Question BSOD Apex Legends

[ZeroToxiciti]

Hey guys, my friend has been having issues with very frequent (sessions of 2 hours at the very most before crashing) We've tried replacing his RAM, replacing his HDD with an SSD, and updating drivers. I have some of his latest minidumps here. One of these was with driver verifier active.
https://drive.google.com/drive/folders/119HoAOBM3RGVfG0YCs6W6RxBJ_OrHzDO?usp=sharing
Would really appreciate some help in figuring out what exactly is causing the problem, as replacing parts randomly is not a viable option for us.

 

[johnbl]

updated bios is dated 2022-07-13 and has new drivers available. I would start with this as the first fix attempt.
current bios is dated 03/20/2017.

MSI Global - The Leading Brand in High-end Gaming & Professional Creation
best to do both the bios and driver updates
the assumption is that there have been so many bios AGESA updates that the windows updates are using the new interfaces and the bios is using the old version from 2017.
AGESA - Wikipedia
(just fyi)

microsoft used this file:
\SystemRoot\system32\mcupdate_AuthenticAMD.dll
to attempt to patch the cpu microcode.
amd uses the ryzen master drivers to override the setting. Best to update the bios to get the patches installed rather than hoping microsoft .dll fixes the bad bios versions.
-----------
Debug session time: Thu Jan 12 01:00:48.149 2023 (UTC - 8:00)
System Uptime: 0 days 11:11:24.781

most current bugcheck
access violation while running microsoft defender
thread was swapped in, kernel address looks ok but was invalid.
one windows core file has been modified:
\SystemRoot\System32\win32kfull.sys unavailable (00000000)

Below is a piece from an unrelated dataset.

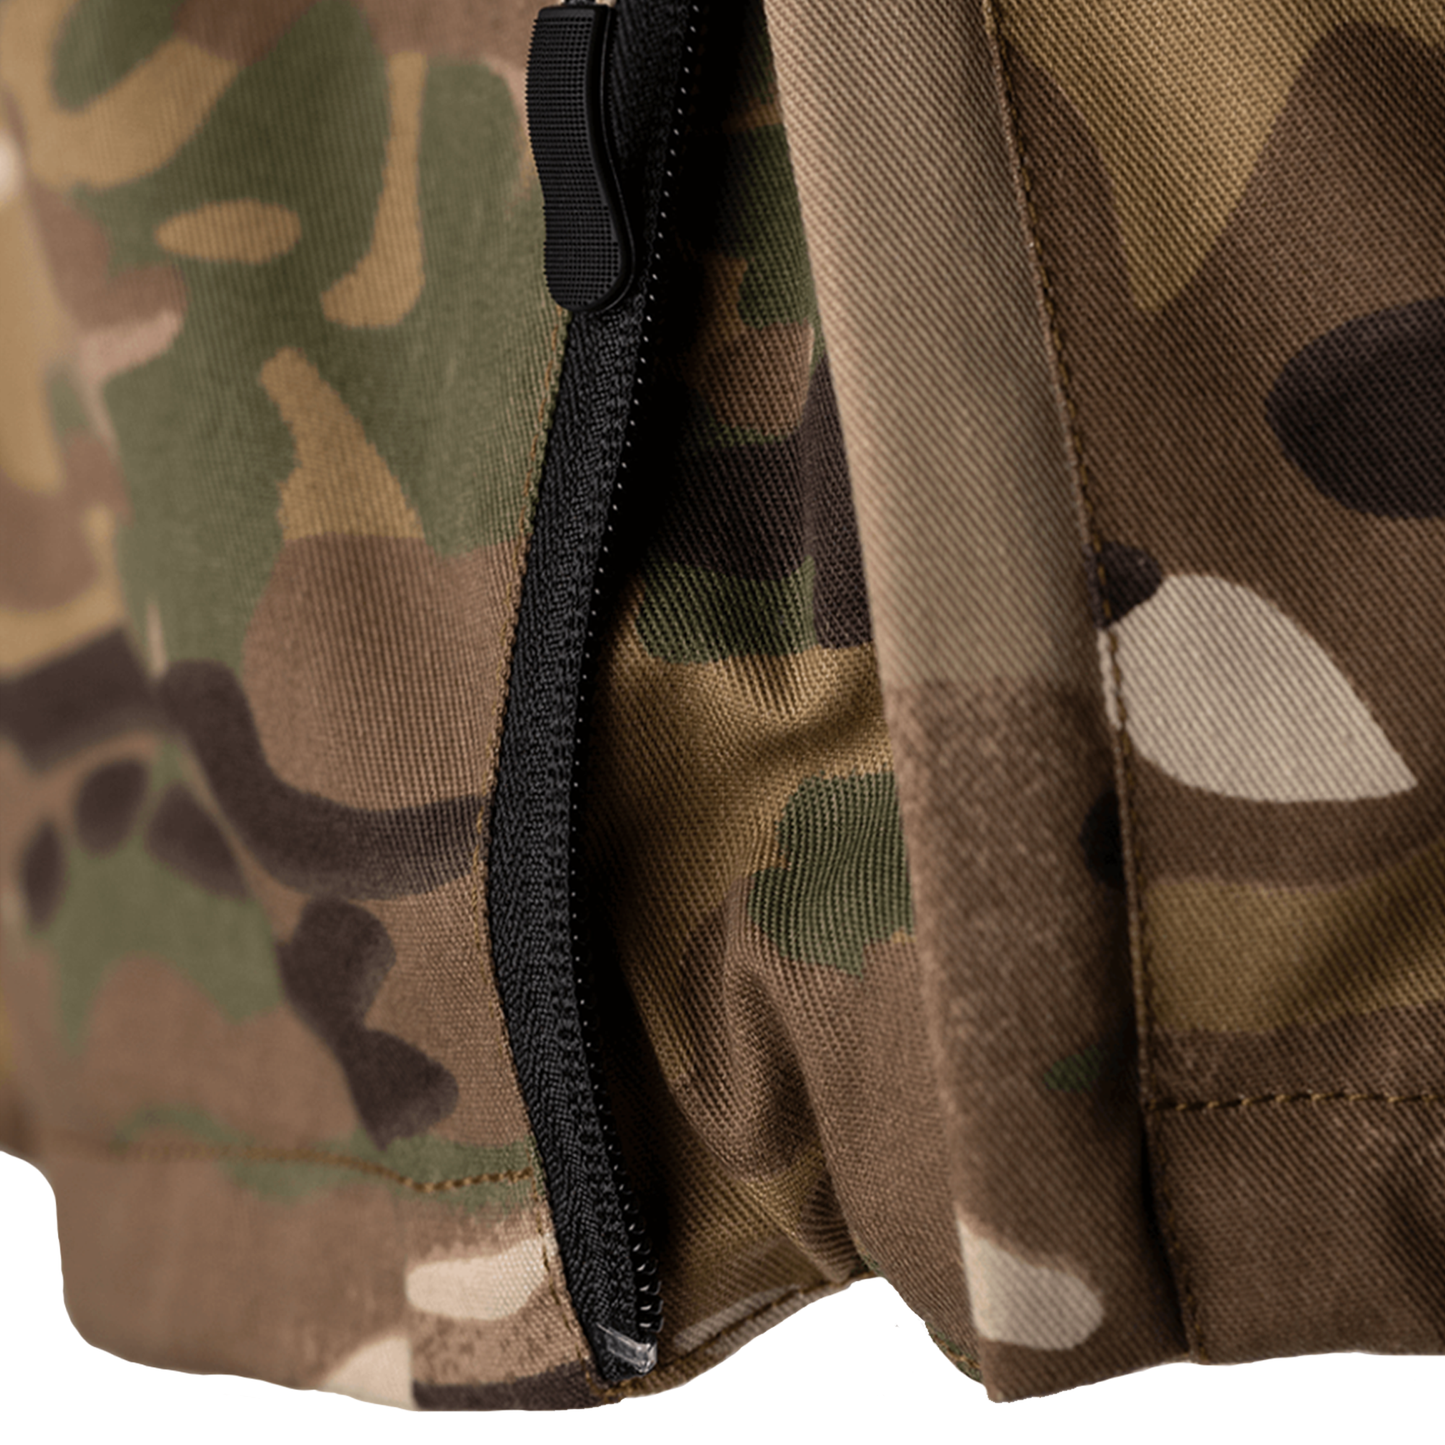 RST X Kevlar® Loadout 1/4 Zip (CE) Men's Textile Hood - Khaki Camo
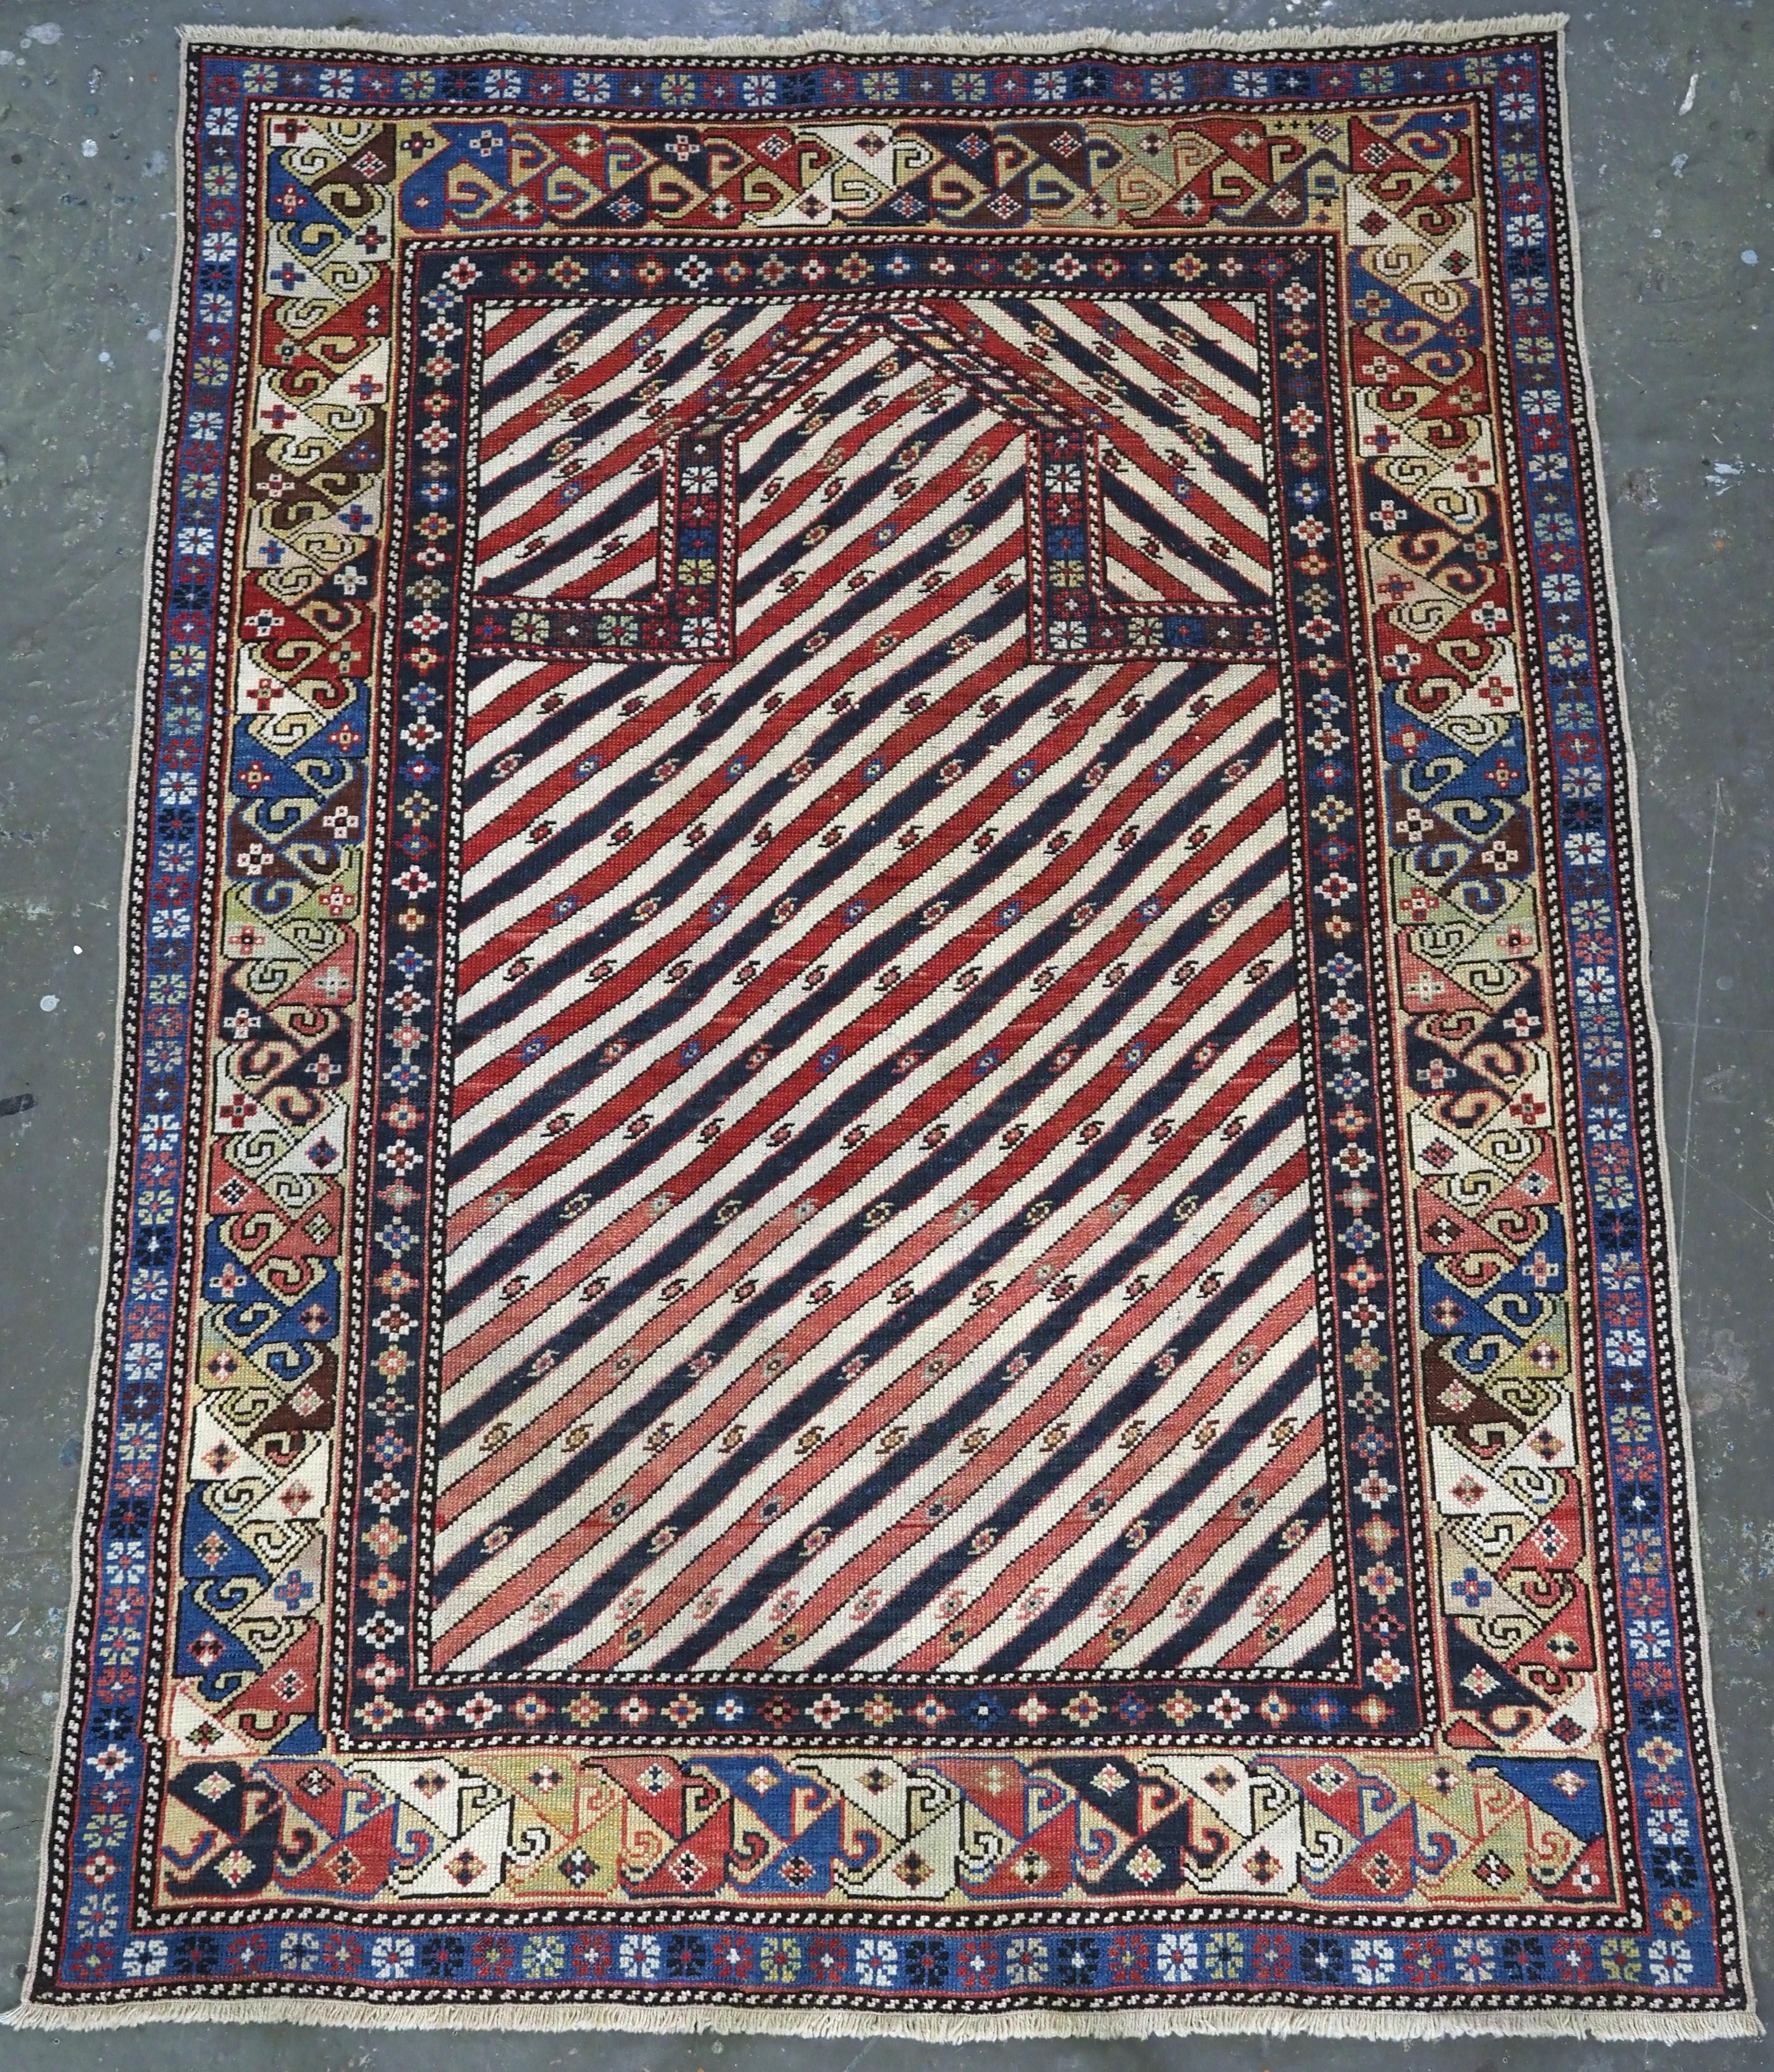 Late 19th Century Antique Caucasian Shirvan/Dagestan prayer rug with scarce diagonal stipe design. For Sale

will look at the other dumps to see if I can find a trend.
machine info:
BaseBoardManufacturer = MSI
BaseBoardProduct = X370 GAMING PRO (MS-7A33)
BaseBoardVersion = 2.0
BiosMajorRelease = 5
BiosMinorRelease = 12
BiosVendor = American Megatrends Inc.
BiosVersion = 4.00
BiosReleaseDate = 03/20/2017
SystemManufacturer = MSI
SystemProductName = MS-7A33

Processor Version AMD Ryzen 5 1600 Six-Core Processor
Processor Voltage 8ch - 1.2V
External Clock 100MHz
Max Speed 3900MHz

 

[johnbl]

second oldest bugcheck was in
multimedia class scheduler service, it got swapped in and the kernel address looks valid but was not

3 windows core files modified
win32k.sys
win32base.sys
win32kfull.sys
Debug session time: Thu Jan 12 03:14:33.092 2023 (UTC - 8:00)
System Uptime: 0 days 1:24:34.725

 

[johnbl]

I looked at a few of the other bugchecks, all of the bugchecks are happen when a thread is swapped in but the kernel address has been slightly modified. I would guess you have malware trying to get into your system. you should do the bios update to get the various fixes for the known amd attacks. then boot windows and update the drivers for the CPU chipset. then I would turn off windows virtual memory to delete the hidden pagefile.sys and reboot and turn it back on to make a clean one. I would then run cmd.exe as an admin and run
sfc.exe /scannow
DISM.exe /Online /Cleanup-Image /Restorehealth
then run a malware scan

note:
jan 12 at 1:00 1 windows core file modified
jan 12 at 3:14 3 windows core files modified

the bad kernel address used a patern that looked like a program probing memory addresses by adding small offsets

you might also download microsoft rammap64
find the empty menu item and select each of them. mainly to remove the standby list and remove a bunch of places where malware can hide its code.
RAMMap - Sysinternals | Microsoft Learn

 

[ZeroToxiciti]

I looked at a few of the other bugchecks, all of the bugchecks are happen when a thread is swapped in but the kernel address has been slightly modified. I would guess you have malware trying to get into your system. you should do the bios update to get the various fixes for the known amd attacks. then boot windows and update the drivers for the CPU chipset. then I would turn off windows virtual memory to delete the hidden pagefile.sys and reboot and turn it back on to make a clean one. I would then run cmd.exe as an admin and run
sfc.exe /scannow
DISM.exe /Online /Cleanup-Image /Restorehealth
then run a malware scan

note:
jan 12 at 1:00 1 windows core file modified
jan 12 at 3:14 3 windows core files modified

the bad kernel address used a patern that looked like a program probing memory addresses by adding small offsets

you might also download microsoft rammap64
find the empty menu item and select each of them. mainly to remove the standby list and remove a bunch of places where malware can hide its code.
RAMMap - Sysinternals | Microsoft Learn

Thank you so much for the incredibly detailed response. We ended up updating the BIOS like you said and that seemed to have done the job already. Will follow through with the other instructions if problems arise again.